Business
Maine Electricity Supply Costs Expected to Rise in January 2024

Most households and small businesses in Maine are poised for an increase in electricity supply costs starting in January 2024. According to an analysis by Competitive Energy Services, a Portland-based consulting firm, residents can expect a rise of approximately 15% in their electricity supply rates. This translates to an estimated additional cost of around $8 per month for the average household by 2026.
The anticipated hike in supply costs is separate from a recent request by Central Maine Power (CMP) to increase its distribution rates as part of an effort to upgrade its aging infrastructure. This proposal, currently under review by the Maine Public Utilities Commission, has faced significant backlash from consumers already grappling with rising costs. By early October, record numbers of public comments, totaling 617, had been submitted in opposition to CMP’s request.
Andrew Price, president and CEO of Competitive Energy Services, highlighted the growing concern over affordability, stating, “Affordability is becoming a big issue, a big political issue.” He noted that the impending supply cost hike will likely add to the frustration felt by consumers regarding CMP’s proposed distribution increases.
Electricity rates are not just a local concern; they are becoming a national issue as well. According to the Energy Information Administration, consumers have experienced a 13% increase in electricity prices since 2022, with further increases projected for next year. In various regions, these increases are linked to the construction of new power plants to support expanding data centers.
Maine’s expected rise in supply costs stems primarily from increasing wholesale natural gas prices, rather than external factors such as artificial intelligence or CMP’s distribution case. The U.S. has become the world’s largest exporter of natural gas, with projections indicating that liquefied natural gas (LNG) exports will double by 2030. This surge in exports is part of a broader goal to enhance American energy dominance, as outlined during the previous administration.
Unfortunately, higher natural gas prices negatively impact energy consumers in New England, where approximately half of the region’s electricity is generated from natural gas. The price of natural gas helps determine the marginal cost for other energy sources supplying the grid, which puts pressure on overall electricity rates.
The Maine PUC is set to review annual bids from electricity generators for standard supply service in 2026 next month. Philip Bartlett, chair of the PUC, stated, “It’s fair to say that electricity prices track natural gas prices.” He explained that if generators anticipate rising gas prices, they may adjust their bids accordingly.
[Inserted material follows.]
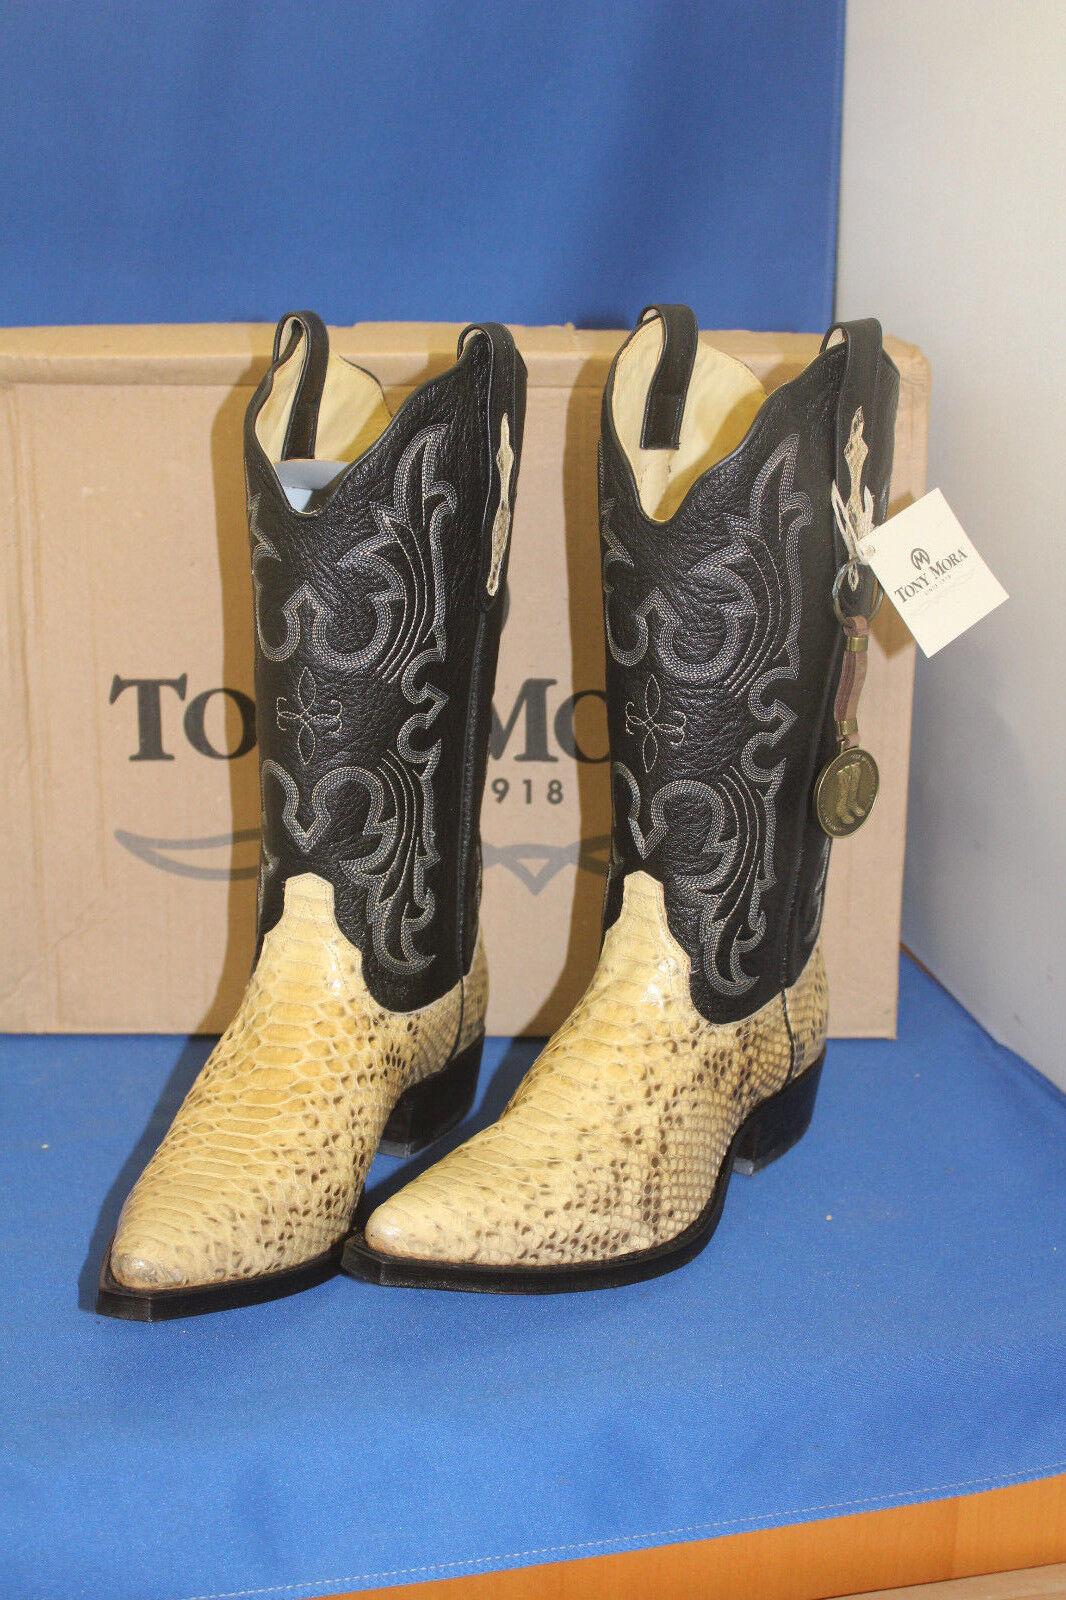 Sendra Stiefel Stiefel python  westernstiefel cowboystiefel  gr. 42  neu snake

Electricity supply rates in Maine have fluctuated significantly over recent years. They have ranged from about 6 cents to 16 cents per kilowatt-hour, with recent trends showing standard offer supply rates around 11 cents per kWh for CMP and Bangor Hydro District. This volatility has made supply costs the largest and most unpredictable component of consumers’ electric bills.
Maine’s electric rates have increased at the third-fastest rate in the country from 2014 to 2024, according to a previous analysis by The Maine Monitor. Factors contributing to this rise include a state solar reimbursement policy and storm damage repairs, but skyrocketing natural gas prices have been the predominant factor.
The region’s reliance on natural gas makes it particularly susceptible to price swings, especially during peak demand periods in the winter when pipeline capacity is strained, necessitating the use of more expensive LNG.
LNG is also influencing electricity prices across the country as older coal plants are retired, leading to a greater dependency on natural gas, which now accounts for 42% of U.S. electricity generation. The increase in LNG exports primarily aims to reduce reliance on Russian energy and meet the growing energy needs in Asia.
Recent data from the Institute for Energy Economics and Finance Analysis indicates that gas exports now exceed domestic consumption at power plants. The Energy Information Administration forecasts that a key market price for natural gas will rise from $2.20 per million BTU last year to $4.10 in January 2024.
While some industry groups, such as the American Petroleum Institute, argue that LNG exports have minimal impact on domestic gas prices, the effects on electricity rates remain a concern for many consumers. Heather Sanborn, Maine’s public advocate for utility customers, expressed frustration over limited state tools to mitigate supply costs.
Sanborn’s office regularly hears from constituents worried about electricity affordability. She emphasized the importance of exploring alternative procurement methods for standard offer contracts. A bill passed this year directs the PUC to consider soliciting bids more frequently and for varying lengths of time to address rate volatility.
Bartlett noted that while minor adjustments to procurement methods might be beneficial, no significant solutions are on the horizon that could drastically lower supply costs for consumers. An upcoming report to the Maine Legislature is expected in January 2024, which may provide further insights.
Both Sanborn and Bartlett agree that investing in renewable energy sources, such as solar and wind, could help stabilize costs over time. These resources can reduce reliance on gas plants during peak demand times. However, federal support for renewable energy projects has diminished, particularly under previous policies favoring fossil fuels.
Sanborn concluded, “To the extent we’re not building grid-scale storage or offshore wind, we are allowing natural gas to be the marginal cost setter in our region,” underscoring the need for a more balanced energy strategy moving forward.